Preserved British 2-6-0 locomotive

LNER 3442 The Great Marquess is a member of the London and North Eastern Railway (LNER) Class K4 designed by Nigel Gresley for the steep grades of the West Highland Line. It was renumbered 1994 in the LNER's 1946 renumbering scheme, and then renumbered 61994 by British railways after the 1948 nationalisation of Britain's railways.

==Overview==

The North British Railway (NBR) West Highland line to Mallaig via Fort William presented many operating problems due to its steep gradients and severe curves, combined with very restrictive axle loading limits. At grouping in 1923, passenger services were being hauled by D34 'Glen' 4-4-0s due to the axle loading restrictions. Heavier stock had already entered service, and was already resulting in some double-heading of the D34s.
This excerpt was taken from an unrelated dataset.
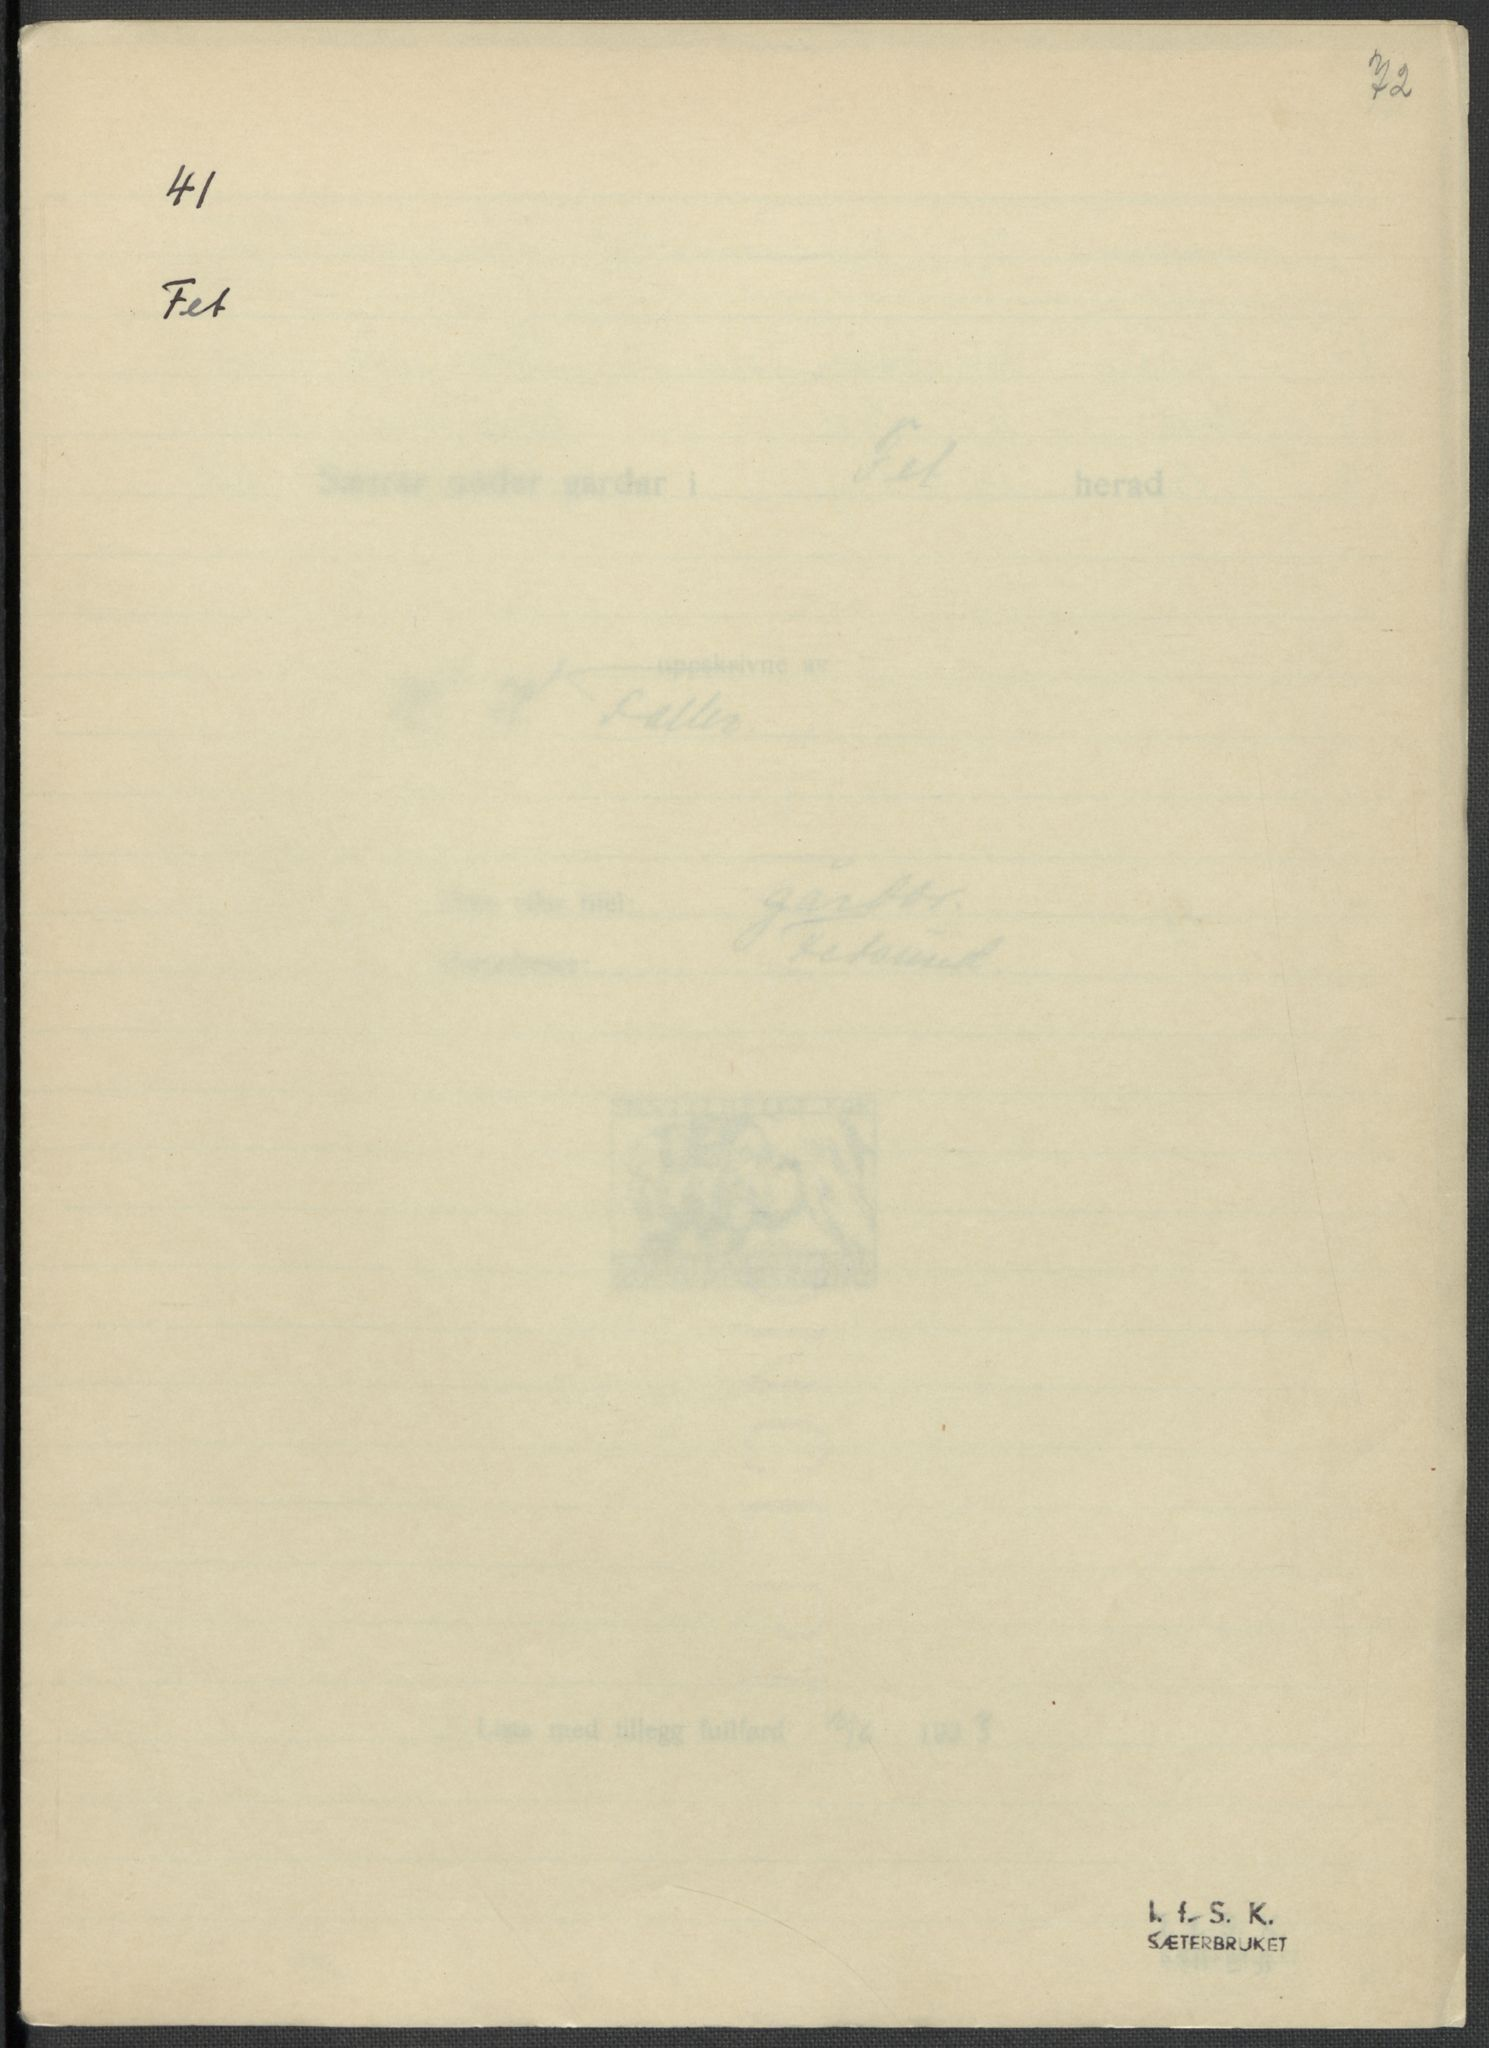 RA, Instituttet for sammenlignende kulturforskning, F/Fc/L0002: Eske B2:, 1932-1936, s. 72

An early proposal was to use the new K3s to provide extra power, but they would have been restricted from the Mallaig section of the line, and was vetoed completely by the Civil Engineer after K3 bridge tests were made.

Construction of the K4s began in 1937, and only 6 members of the class were built; 3442 was the second member of the class to be built. Named The Great Marquess in August 1938, after James Graham, 1st Marquess of Montrose, 3442 was mainly used on the Glasgow to Fort William stretch of the West Highland line. The K4s handled the gradients and continuous curves with ease, but they were not designed for the 20 miles of level track near Glasgow, and the 8.5 miles stretch alongside Loch Eil. Vibration at speed was a problem on these stretches, and the middle big-end would require regular nut tightening. After nationalisation more powerful engines found their way to Fort William and 61994 was moved down to Eastfield where it was to spend most of its BR career.

In 1959, 61994 and the other four members of the K4 class were transferred to Thornton Shed for use on goods trains until October 1961 when withdrawals began. 61994 was the last member of the class to be withdrawn in December 1961.

==Preservation==

61994 was bought from British Railways by Viscount Garnock and so began its long career in preservation. 61994 has had many mainline careers in preservation and has also been allocated to a number of heritage railways including the Severn Valley Railway, East Lancashire Railway, North Yorkshire Moors Railway and even at one point the Keighley & Worth Valley Railway, but it has also even travelled on routes she would never have gone in steam days including "The Settle and Carlisle line", Conwy Valley Line, North Wales Coast Line and even the West Coast and East Coast Main Lines. During its many mainline careers as well as returning to old haunts in Scotland on the West Highland Line it has also visited a number of places in preservation that the class would never have visited in steam days including Carlisle, Worcester, Barrow Hill, Blaenau Ffestiniog and many others.

Currently owned by John Cameron who also owns LNER A4 Pacific no 60009 Union of South Africa, both engines are usually based at Thornton, but recently both have seen major action around the North West of England allocated to Crewe hauling charter trains.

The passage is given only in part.